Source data
----------------
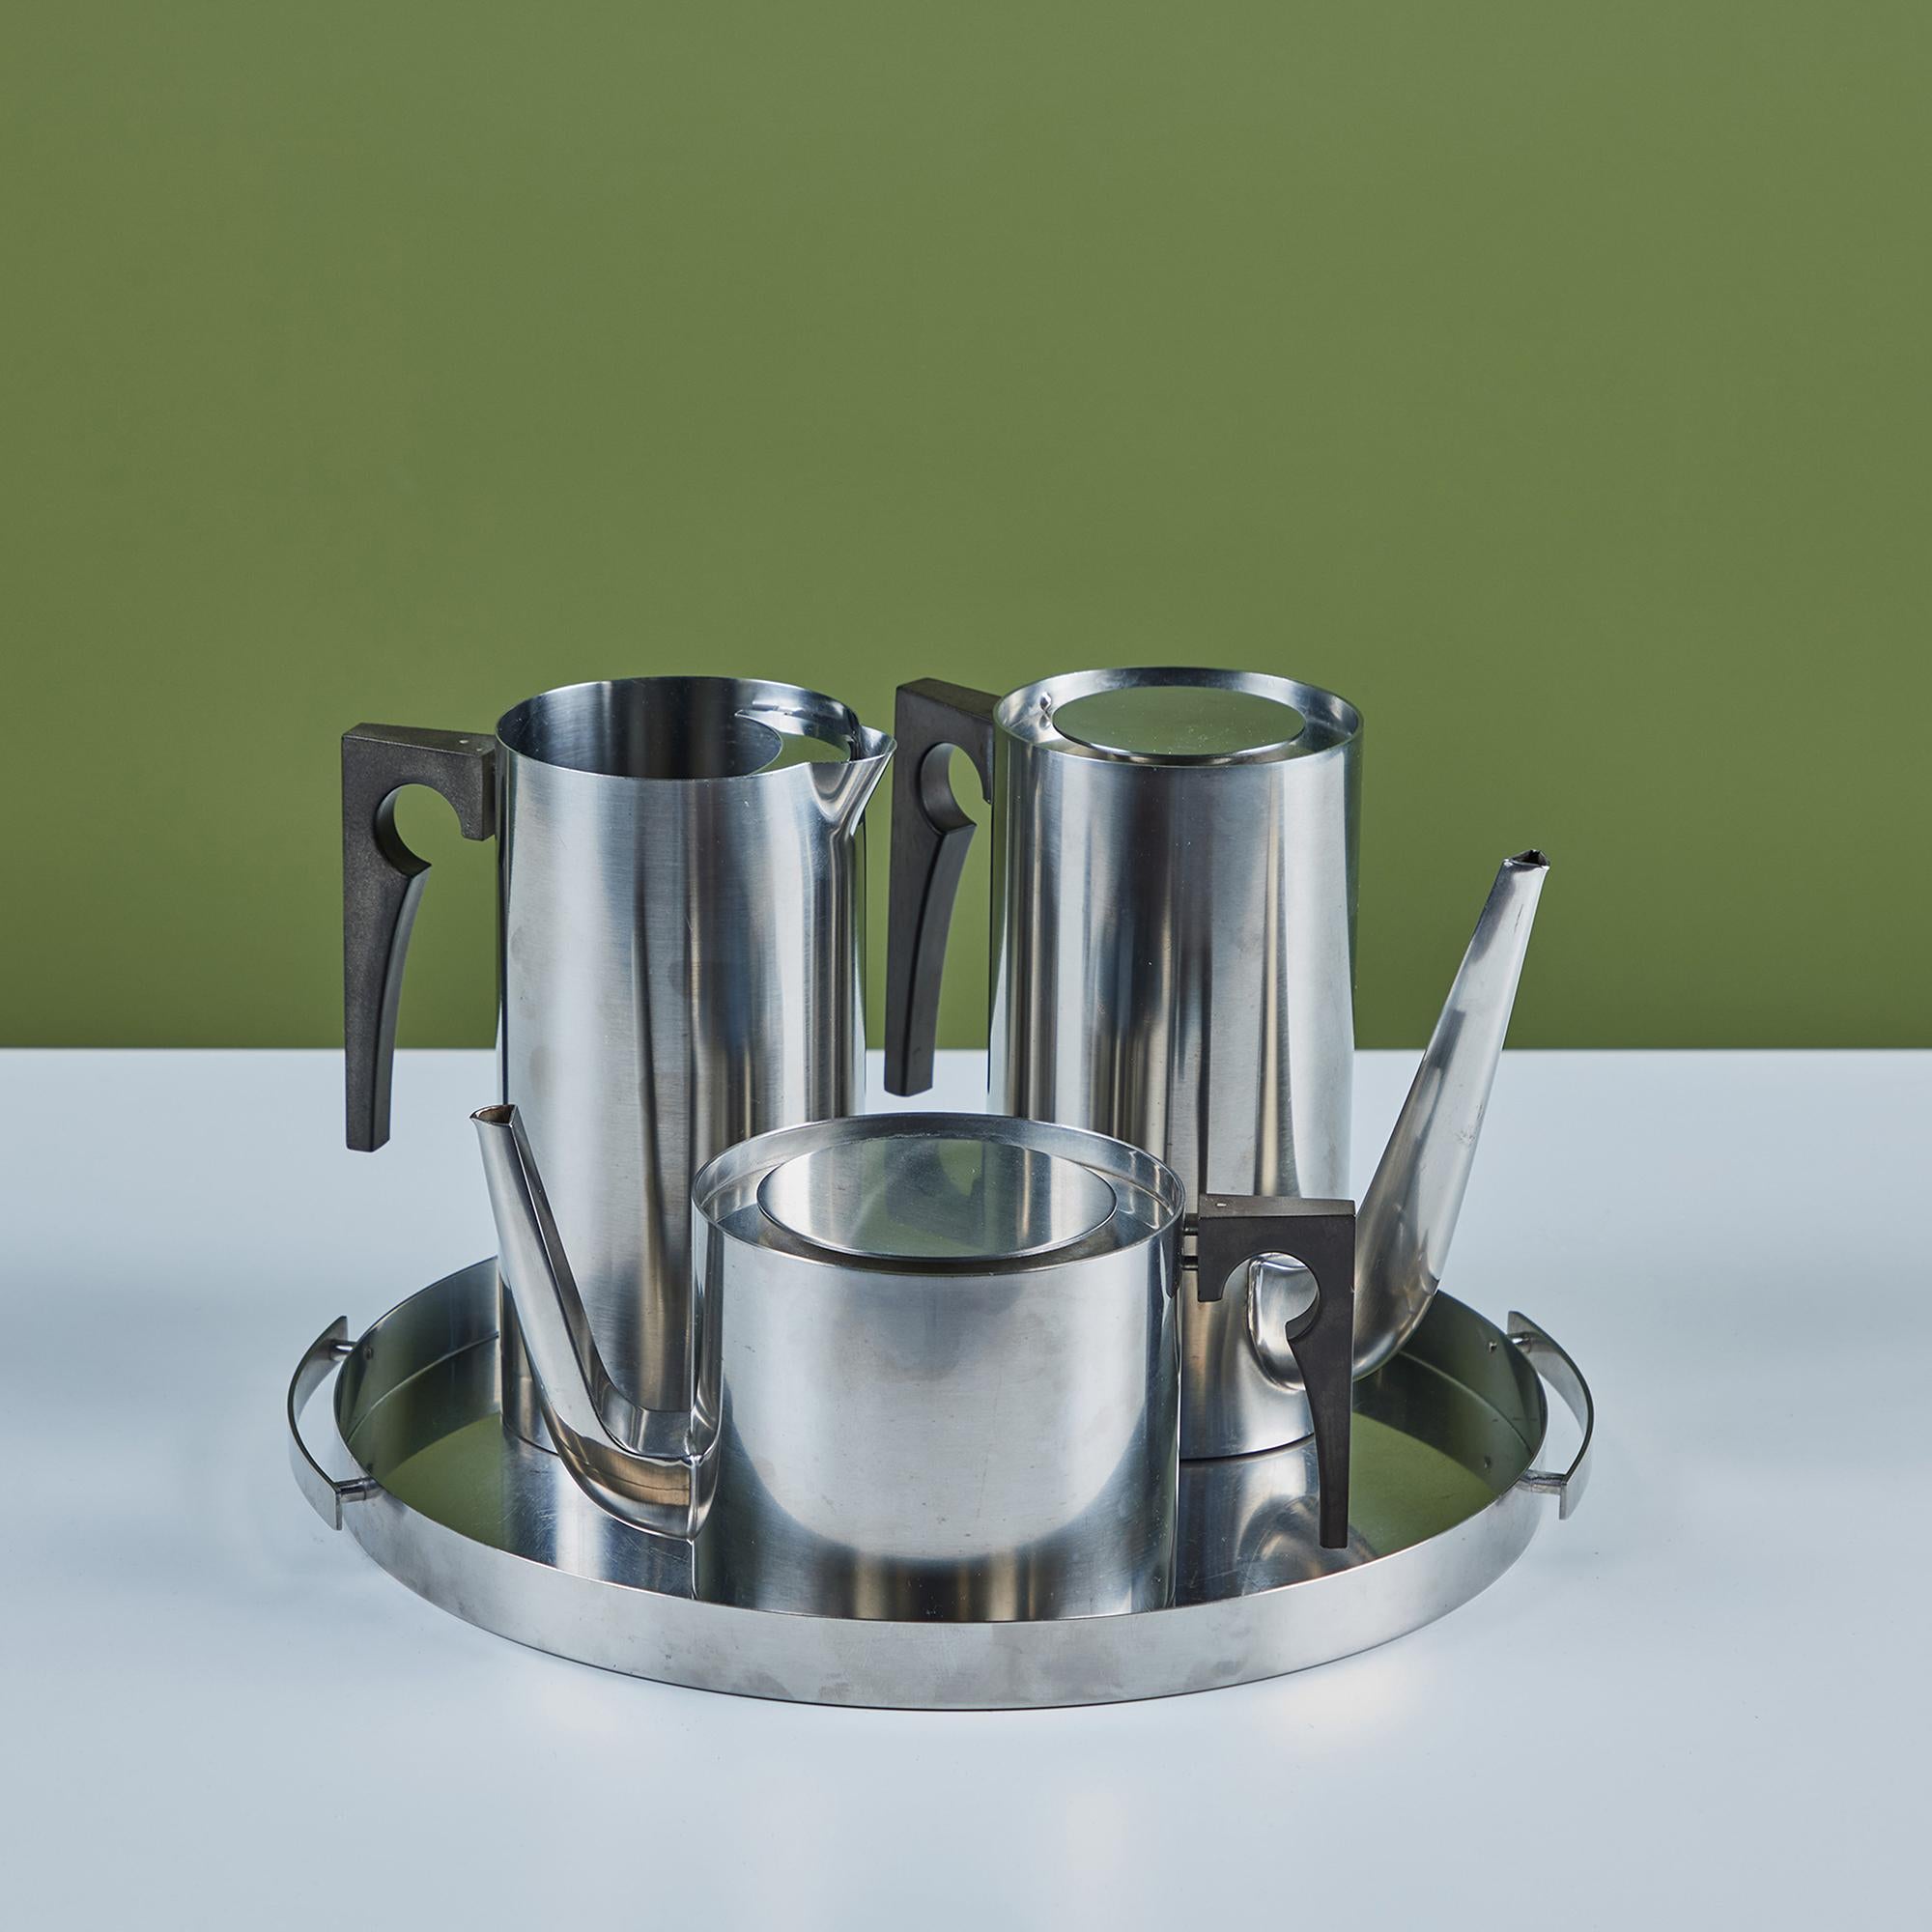 Service à café et à thé de quatre pièces en acier inoxydable par Arne Jacobsen pour Stelton, c.1960s, Danemark. L'ensemble comprend une cafetière, une théière, un pichet et un plateau à bords ronds avec poignées.
Stelton imprimé sur la face
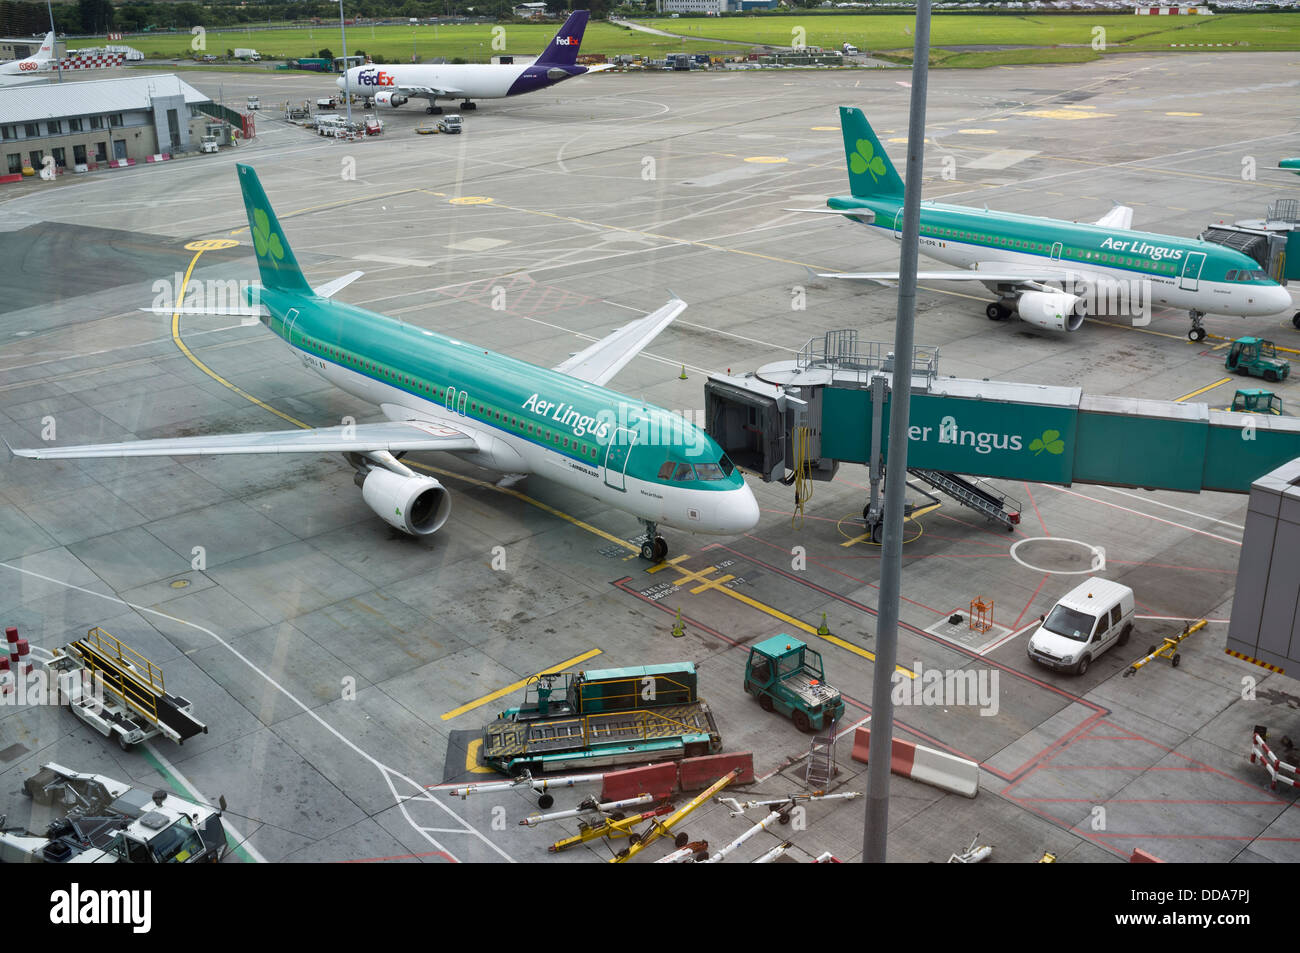 Aer lingus avions stationnés sur le tarmac de l'aéroport de Dublin, le Terminal 2, de l'Irlande. Banque D'Images
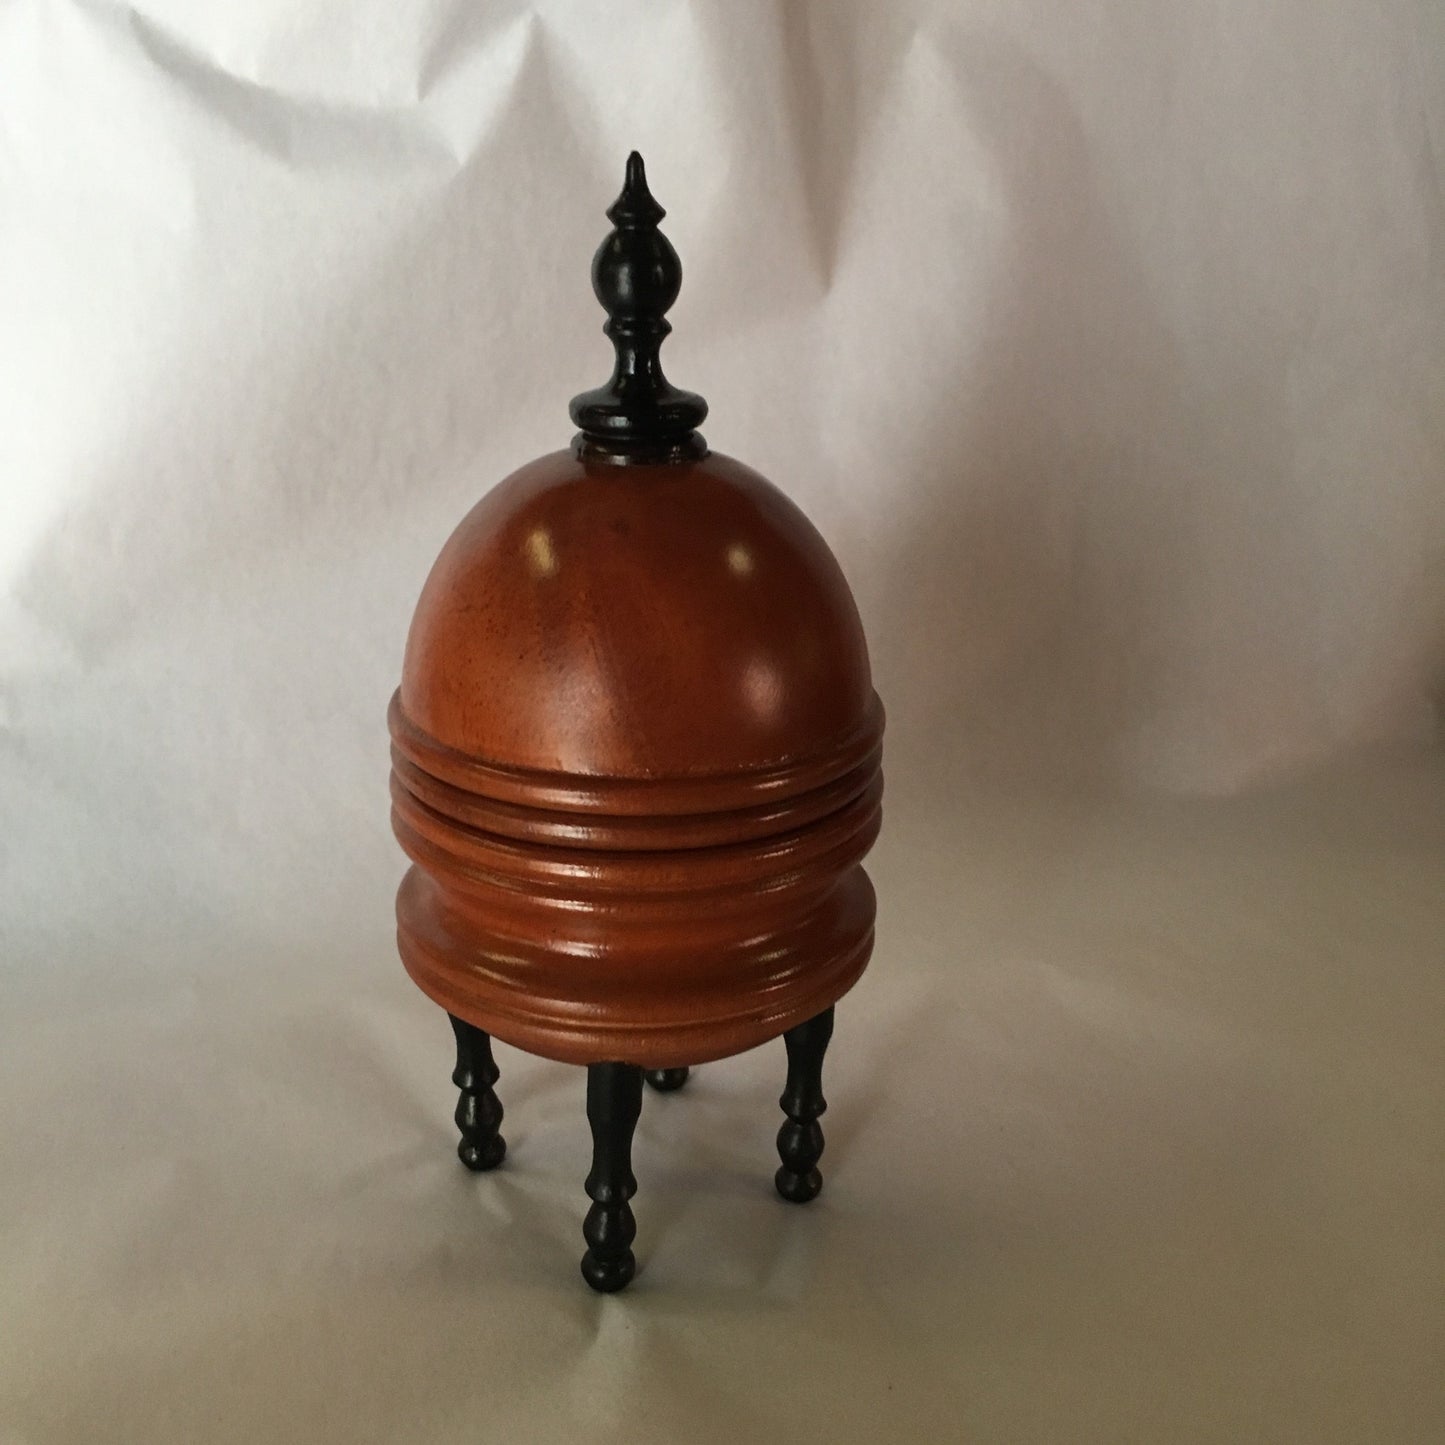 Orange Vase Tarbell-CW, Asian mahogany or Ebony
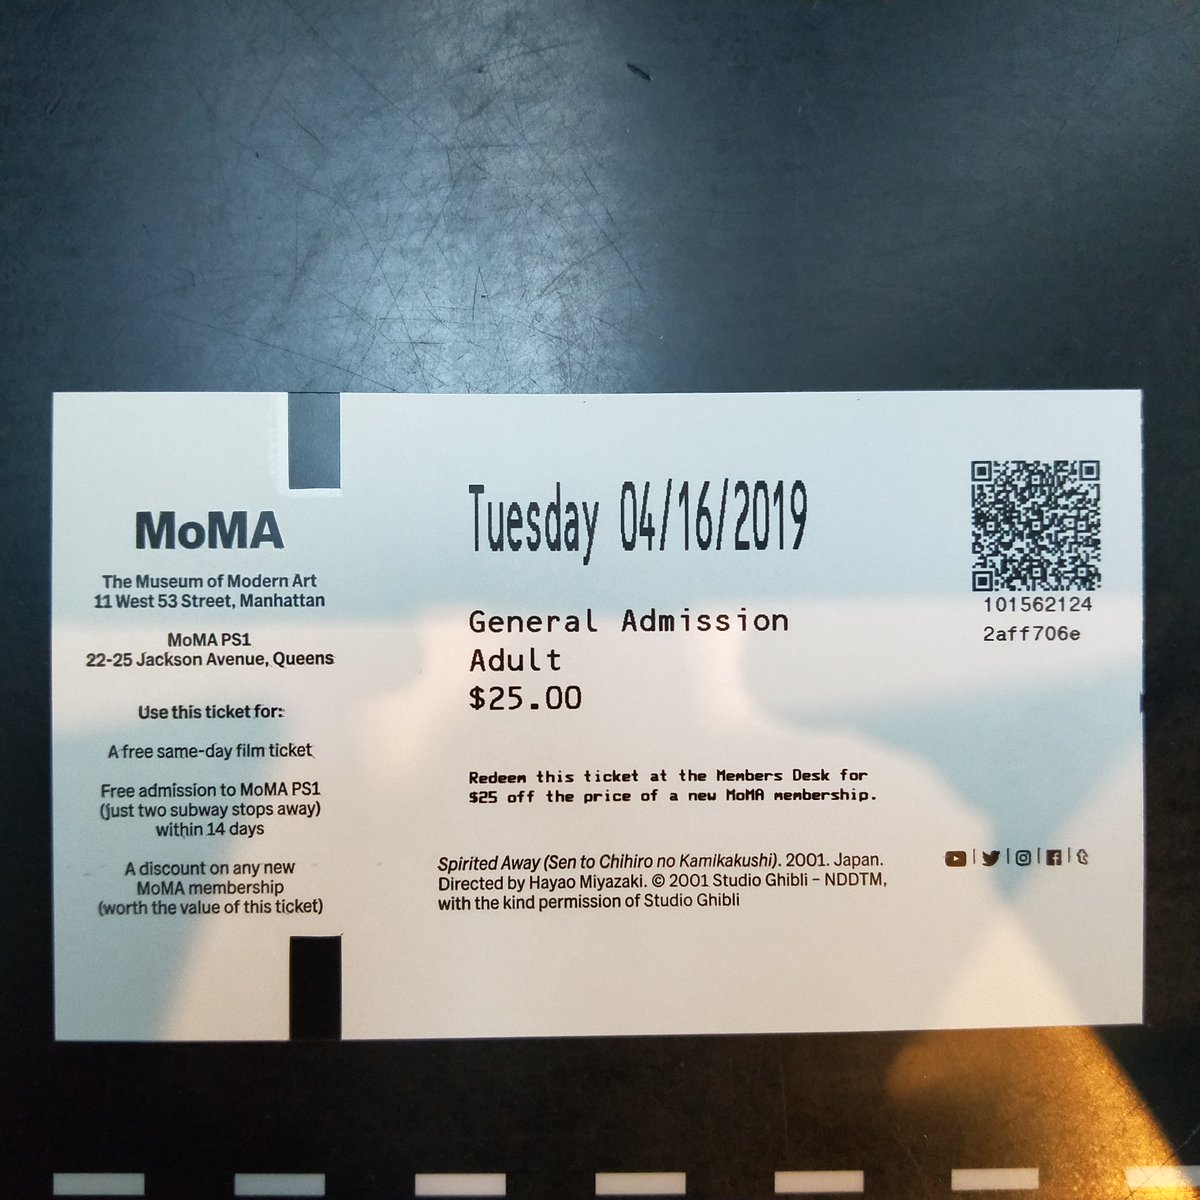 Yoshimura on Twitter: "久しぶりにニューヨーク近代美術館（MOMA）へ行ったら、入場券の裏側が「千と千尋の神隠し」だった件。 https://t.co/nFhdktixi0" Twitter
----------------
# Task details
Set down exactly the lines from the start of the records through the line containing "Stelton imprimé sur la face", both included, and omit the pictures.

# Response area
 Service à café et à thé de quatre pièces en acier inoxydable par Arne Jacobsen pour Stelton, c.1960s, Danemark. L'ensemble comprend une cafetière, une théière, un pichet et un plateau à bords ronds avec poignées.
Stelton imprimé sur la face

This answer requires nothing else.